- Apollo Tower residential high-rise building side view

General information
- Status: Completed
- Architectural style: Modern
- Location: Λουΐζης Ριανκούρ 64, Ampelokipoi, Athens, Greece
- Coordinates: 37°59′34″N 23°45′51″E﻿ / ﻿37.992640°N 23.764073°E
- Height: 80 m (262 ft)

Technical details
- Floor count: 25

= Apollo Tower =

Apollo Tower is a residential high-rise in Ampelokipoi, Athens. It is the tallest residential building in Greece, standing at 80 m (≈262,5 ft). It has 25 floors.

== History ==
During the reign of the Greek Military Junta, the height limit for buildings was abolished, thus giving room for much taller buildings to be built. So in 1973, Apollo Tower was able to be built. Thanks to having been built with generators, during a powerful earthquake of 1981 that happened in Athens, Apollo Tower was one of the only buildings that stayed intact and even had power. The same happened during the deadly 1999 earthquake. The Building back then had a bar on the rooftop with a pool. Today the bar is closed and the pool is empty. Also, today many of the apartments made for living are now used as offices and clinics.
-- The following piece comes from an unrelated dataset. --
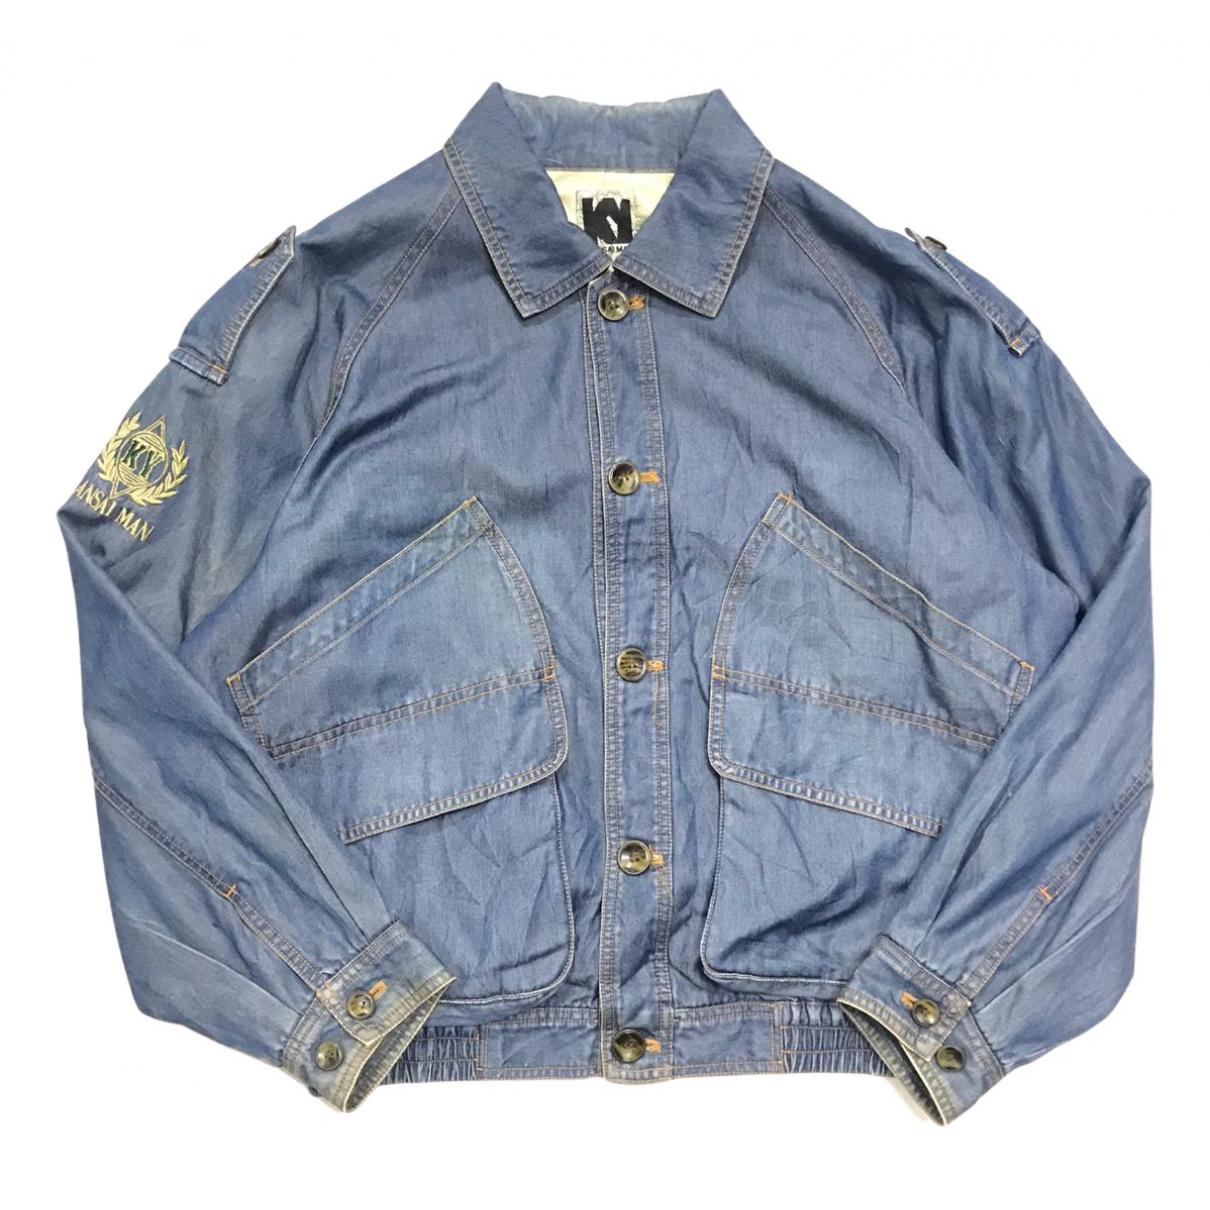 Kansai Yamamoto - Vestes.Blousons   pour homme en denim - bleu
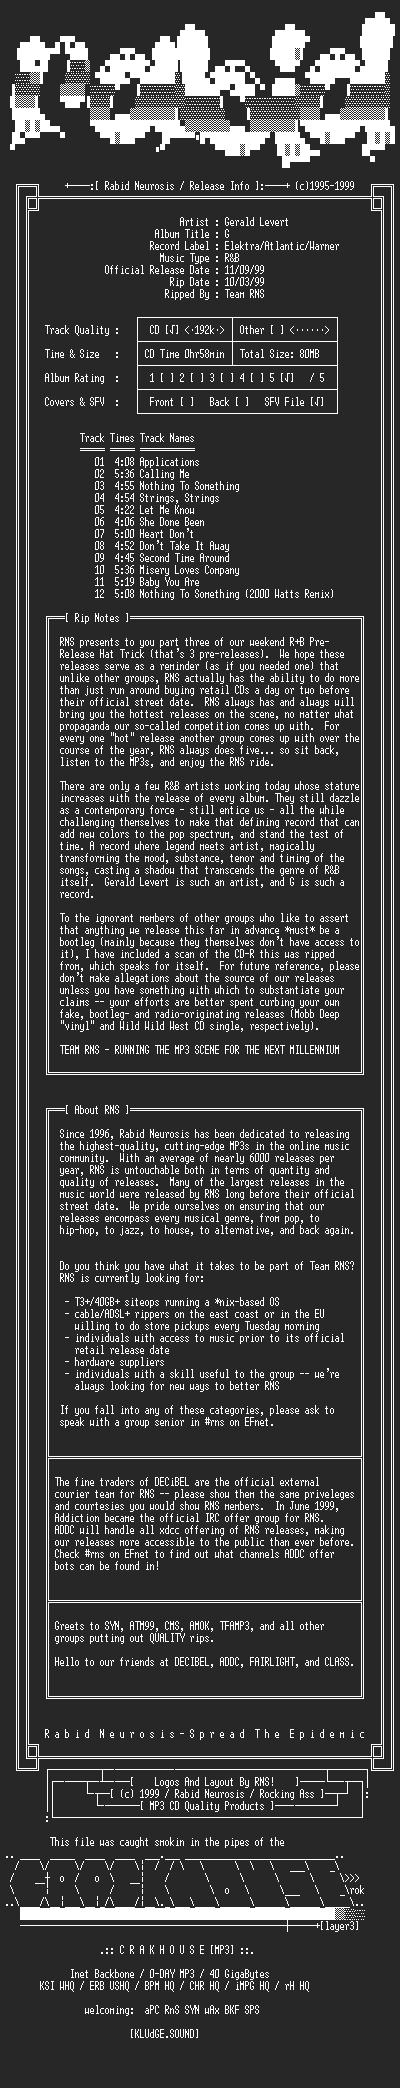 NFO file for Gerald_Levert-G-1999-RNS

In fact, residents often joke about having a domiciliary hospital. The tower lacks a 13th floor (the actual 13th floor is named 14th) because 13 is regarded as a number of bad luck.

On 9 August 2013, a man, later found to be called Basilis Theodorou (Βασίλης Θεοδώρου), recorded and uploaded footage on YouTube of him BASE jumping off the 25th floor. The video garnered over 5.000 views and some media attention from local outlets in Greece.